Für die freien Theater war die Pandemie eine traumatische Erfahrung. Das wurde bei einer Podiumsdiskussion deutlich, bei der es um die Folgen der Coronapandemie für die freie Theaterszene, aber auch um Zukunftsaussichten ging.
Performerin und Kulturwissenschaftlerin Sibylle Peters habe gesagt, dass die Zäsur die Szene nicht nur finanziell, sondern mitten in das Herz der Kunstform getroffen habe, berichtet Theaterkritiker André Mumot.

Existenzielle Bedrohung

Insgesamt hätten sich an dem Abend die Gefühle von Frust und Erleichterung, nochmal davongekommen zu sein, die Waage gehalten. Stefan Kaegi von Rimini-Protokoll habe gesagt, dass Theatern die Türen zu kategorisch geschlossen wurden. "Da wurde beklagt, dass nicht irgendwelche anderen Alternativen gefunden wurden."
Fabian Lettow vom Kainkollektiv habe auf die Situation von Kunstschaffenden in weit entfernten Ländern hingeweisen, mit denen man zusammengearbeitet habe.
"Die haben überhaupt keine Förderung bekommen. Für sie war das eine existenzielle Bedrohung, da ging es wirklich um Leben und Tod, nicht nur was die Krankheit anbelangt, sondern weil man überhaupt keine Möglichkeit hatte, Geld zu verdienen", sagt Mumot.
Bei der Diskussion hätten Kunst- und Kulturschaffende deutlich gemacht, dass man sich weiter den engen Austausch mit Vertretern der Kulturpolitik wünsche und von ihnen vestanden werden wolle.
"Umgekehrt haben Politikerinnen und Politiker gesagt, dass sie erst durch die Krise begriffen hätten, was Soloselbständige eigentlich sind und was sie für Probleme haben."

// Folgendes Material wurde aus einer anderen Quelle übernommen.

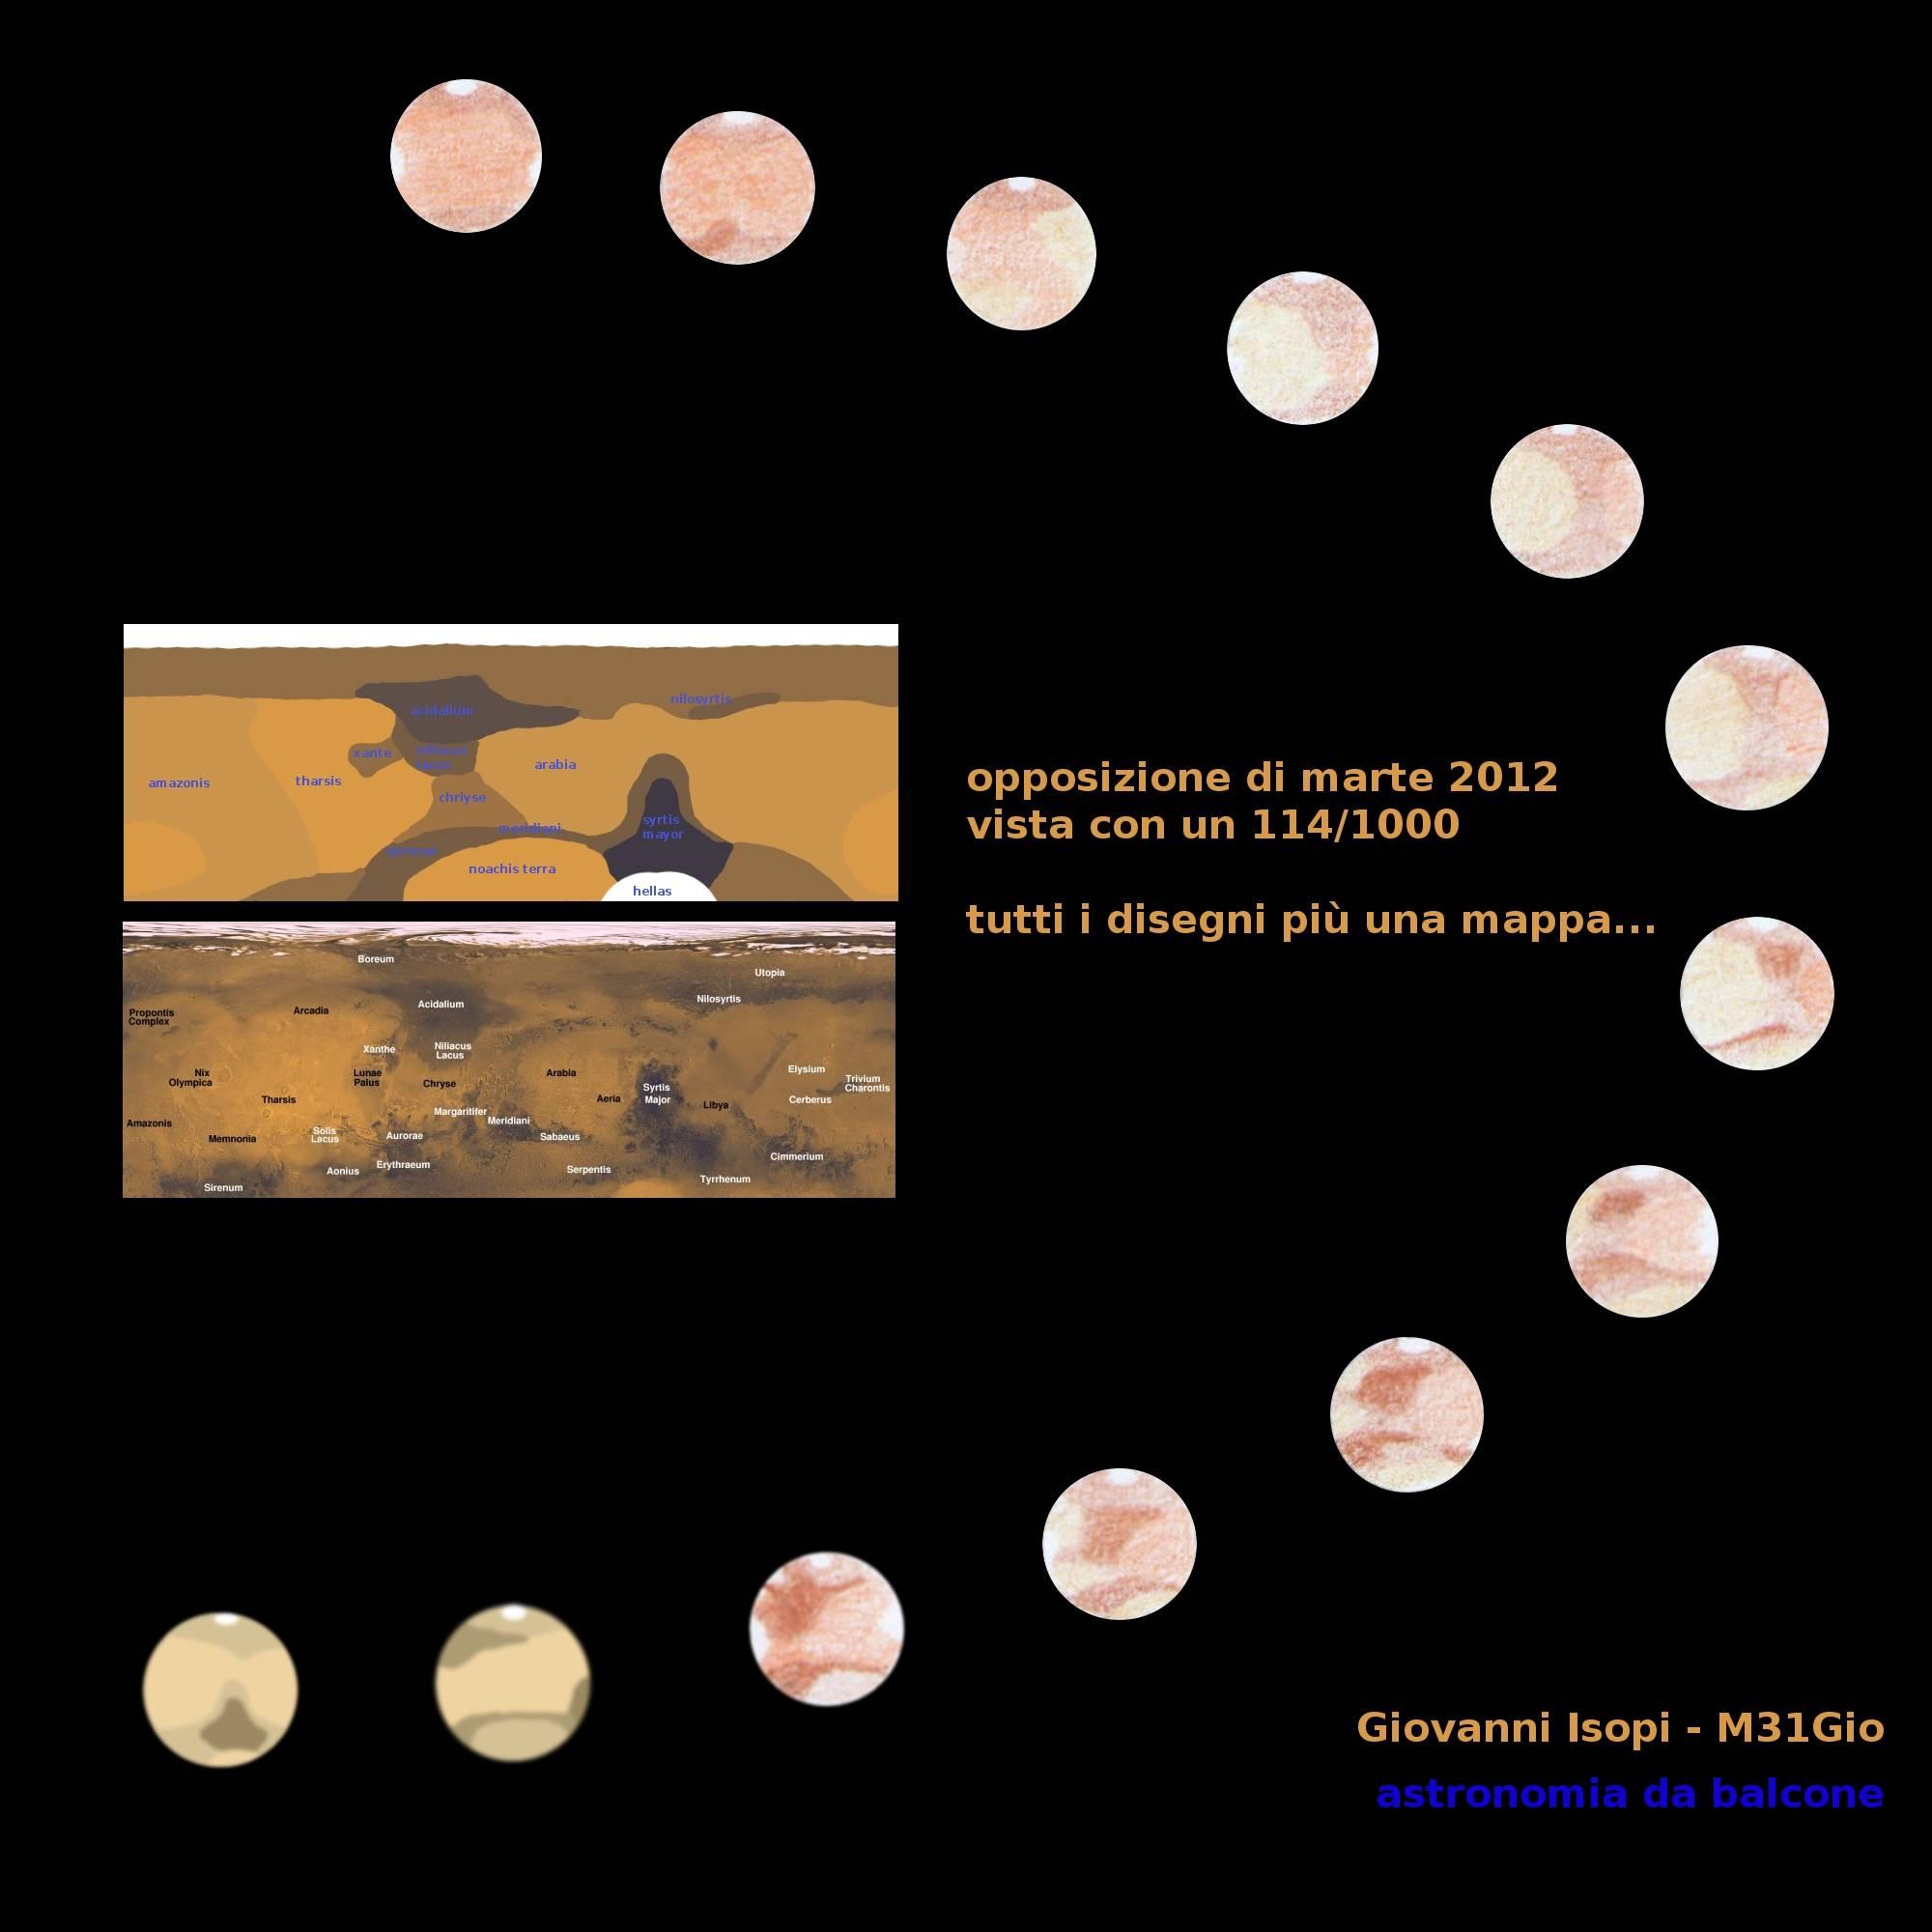 2012 Mars Opposition

Klassische Förderstrukturen überdenken

Debattiert worden sei auch das klassische Prinzip der Projektförderung und dass man es eventuell überdenken müsse, dass es vielleicht sinnvoll wäre, langfristige Förderungen zu ermöglichen auch ohne zwangsläufig Ergebnisse zu erwarten, sagt Mumot. Das sei aber sehr kontrovers diskutiert worden.
Die Vertreter der Politik hätten einhellig gesagt, dass man grundsätzlich Förderungen auch über die Coronakrise hinaus aufrechterhalten wolle ohne allzu konkret zu werden.
Veronica Kaup-Hasler, Wiener Stadträtin für Kultur und Wissenschaft sei da eine Ausnahme gewesen. Sie habe vorgeschlagen, sich das benötigte Geld von den Steuerflüchtlingen und von den Profiteuren der Krise zu holen.

Beim dritten Bundesforum des Bundesverbandes Freie Darstellende Künste und des Fonds Darstellende Künste diskutieren Künstlerinnen und Künstler mit Vertretern aus Wissenschaft, Verwaltung und Kulturpolitik über die Folgen der Coronapandemie für die freie Szene, über Potentiale und Innovationen durch die bereitgestellten Hilfsmittel, sowie über mögliche Erkenntnisse für die Zukunft.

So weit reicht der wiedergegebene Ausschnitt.